Pleno invierno. Ya sea junio, noviembre o enero, dos tercios de la población mundial vive en zonas en las que la falta de natalidad, amenaza la persistencia de sus sistemas económicos, prestatarios y asistenciales. Es lo que los expertos han llamado invierno demográfico.
Abordar la llamada cuestión demográfica exige una visión exenta de reduccionismos que reconozca las diferencias socioculturales, de desarrollo y políticas de las diferentes zonas del mundo y, al mismo tiempo, detecte los problemas reales que la falta de reemplazo generacional tiene, no sólo en el ámbito económico, sino sobre todo, en la esfera social.
El renacimiento demográfico, urgentemente necesario en gran parte de nuestro mundo, tiene que venir acompañado del compromiso solidario que aúpe a las naciones que aún sufren las lacras de la mortalidad infantil, falta de acceso a los bienes básicos y analfabetismo.
El envejecimiento de Occidente viene además acompañado no sólo de la exigencia de una reestructuración del sistema económico y de atención socio sanitaria, sino, sobre todo, de un aumento de situaciones como la soledad, las descompensaciones psicoafectivas y la acentuación del sentimiento de falta de esperanza social.
Es necesario, como subrayan los diferentes expertos, un cambio de cultura, una revolución de la familia, que renueve a las estructuras sociales y sustituya el pensamiento individualista y cortoplacista, propio de nuestro tiempo por una situación de confianza y seguridad que impulse el fin de este invierno demográfico.
Una carrera de fondo que, quizás no llegue todo lo rápido que pueda ser deseable pero que se antoja urgente para dar lugar a un futuro real y sostenible en el mundo.

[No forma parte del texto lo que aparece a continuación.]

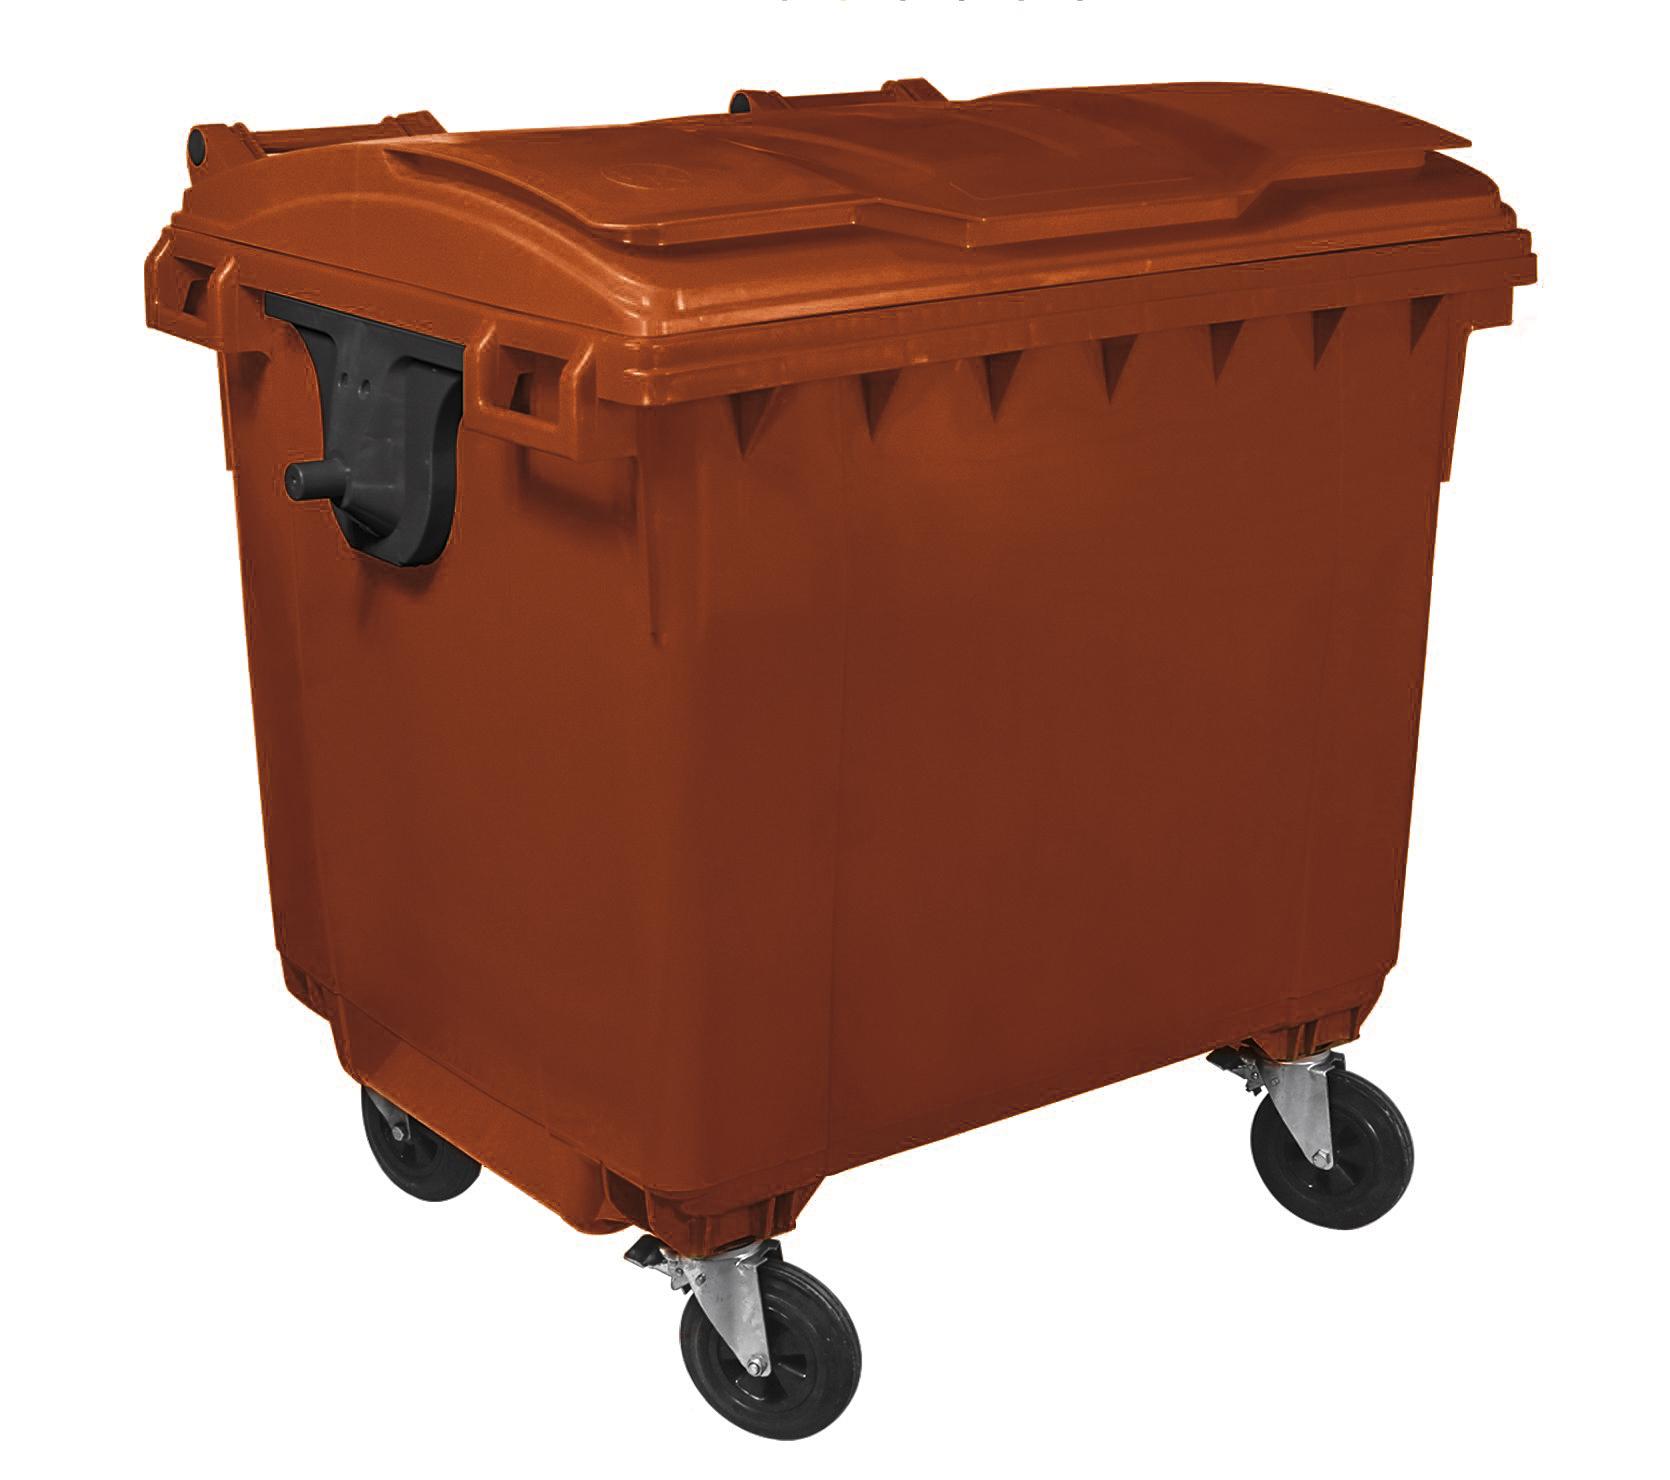 Container Hdpe Clf 1100l Cu Capac Plat Maro 2021 sanito.ro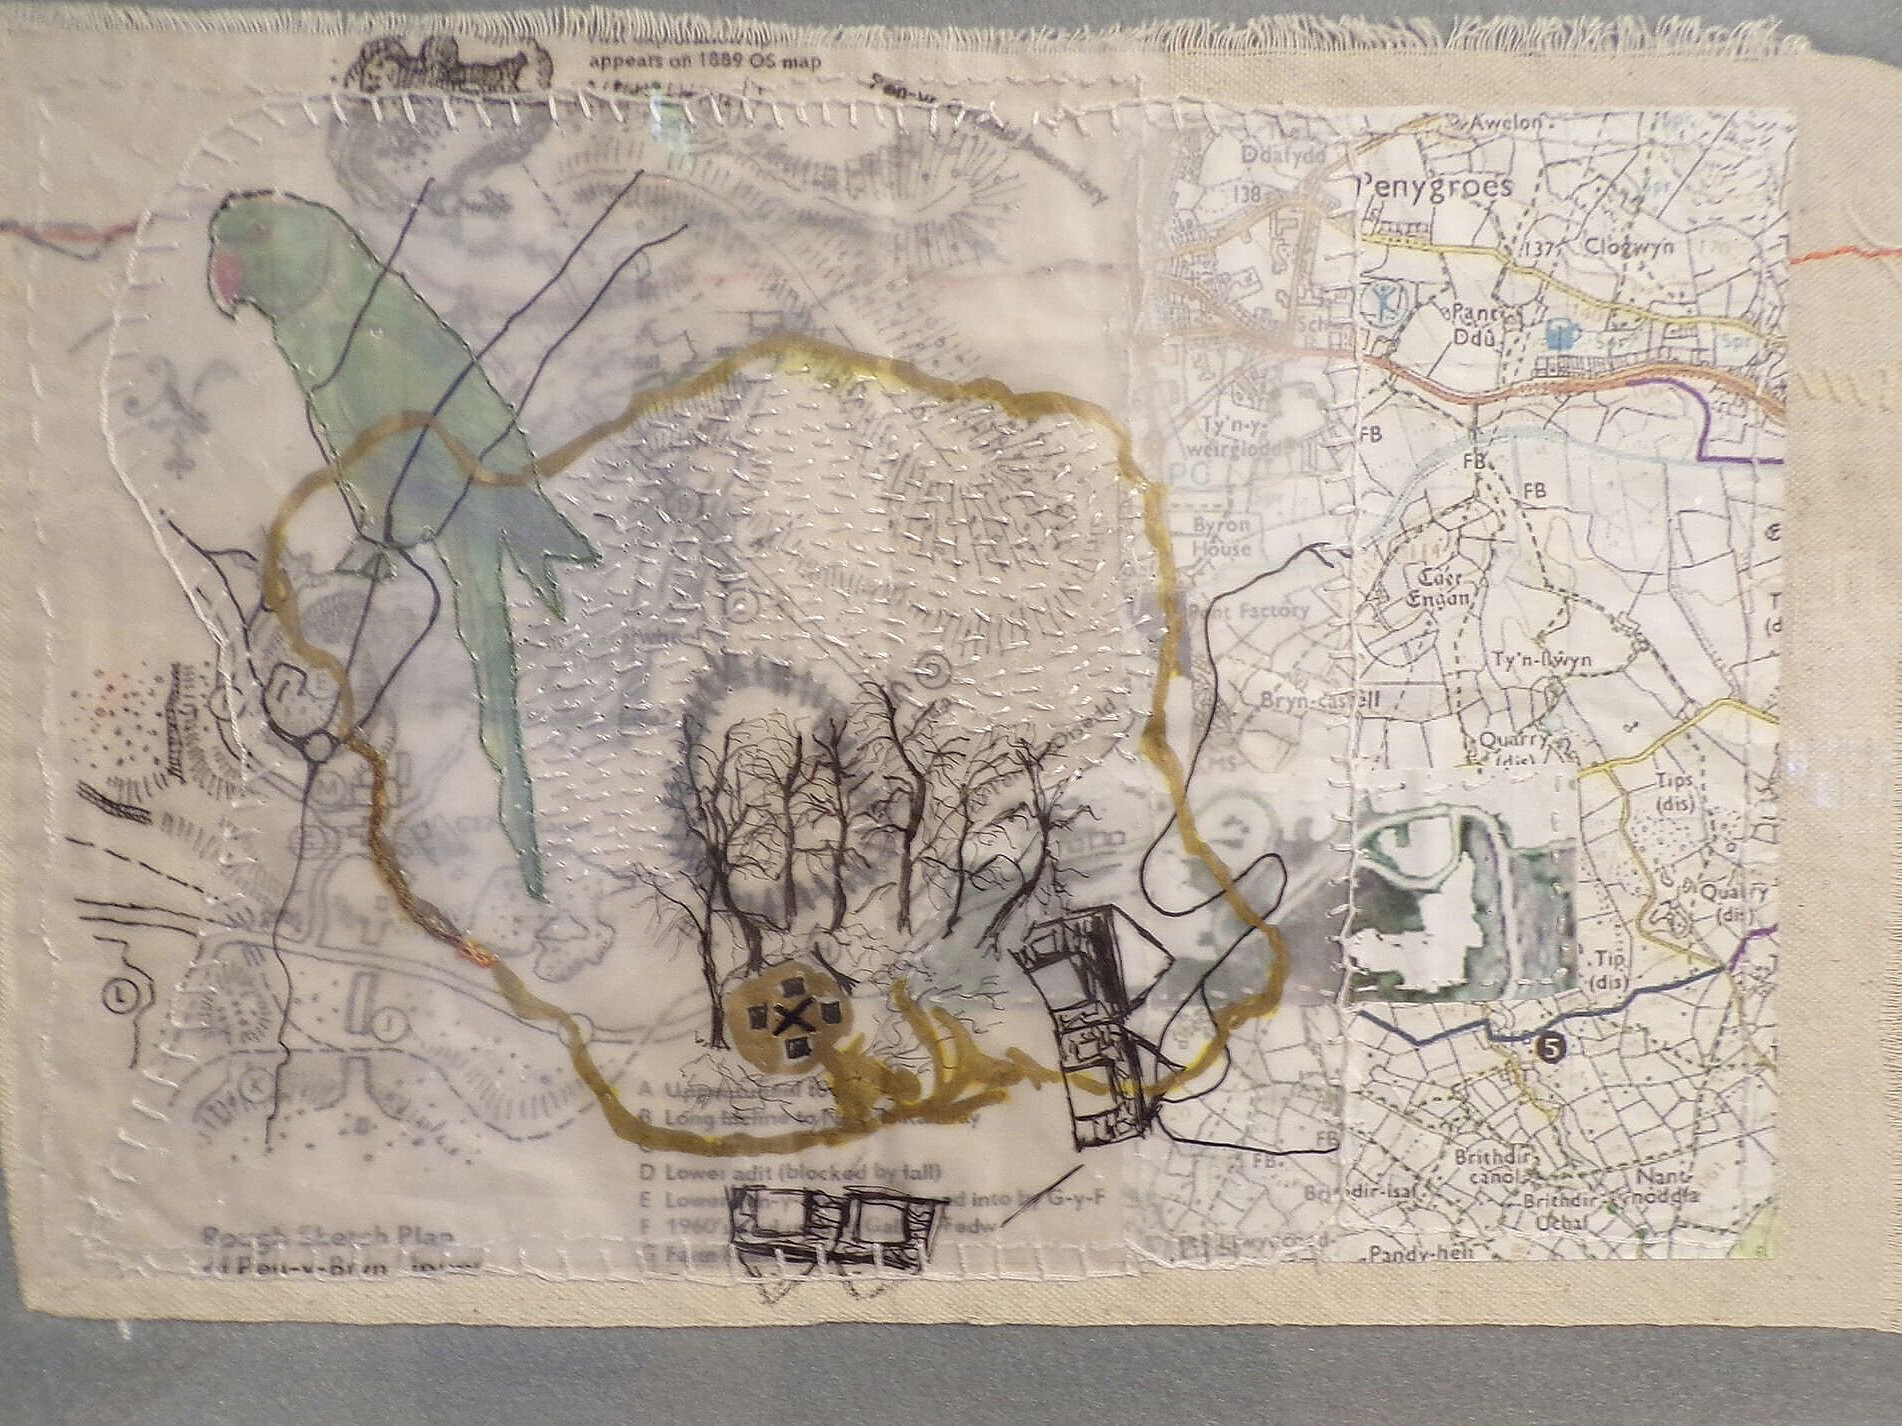 Lisa's map of Merched Chwarel's Tal y Sarn walk

En palabras del Papa Francisco en la apertura de los terceros Estados Generales de la Natalidad: “Es necesario preparar un terreno fértil para hacer florecer una nueva primavera y dejar atrás este invierno demográfico”.
Junto a esta realidad, la Iglesia vive este mes, además, pendiente del desarrollo de la I Asamblea General Ordinaria del Sínodo de los Obispos en Roma. Una asamblea en la que se estrenan algunos cambios organizativos y procedimentales que, sin afectar a la esencia de todo Sínodo, apuntan a una nueva manera de hacer dentro de la Iglesia que ha de implicar a todos los fieles.
También el desierto o invierno en el que puede parecer que vive la Iglesia actualmente necesita una nueva floración en la que la fidelidad al Espíritu Santo la apertura a los demás y la fortaleza para responder, como cristianos coherentes, a los desafíos que nos atañen sean las guías de la vida cristiana, personal y comunitaria.
Dentro del panorama frío real de estos inviernos, sin embargo, se aventura la promesa de una futura primavera cuyas semillas siguen siendo responsabilidad de cada uno de nosotros.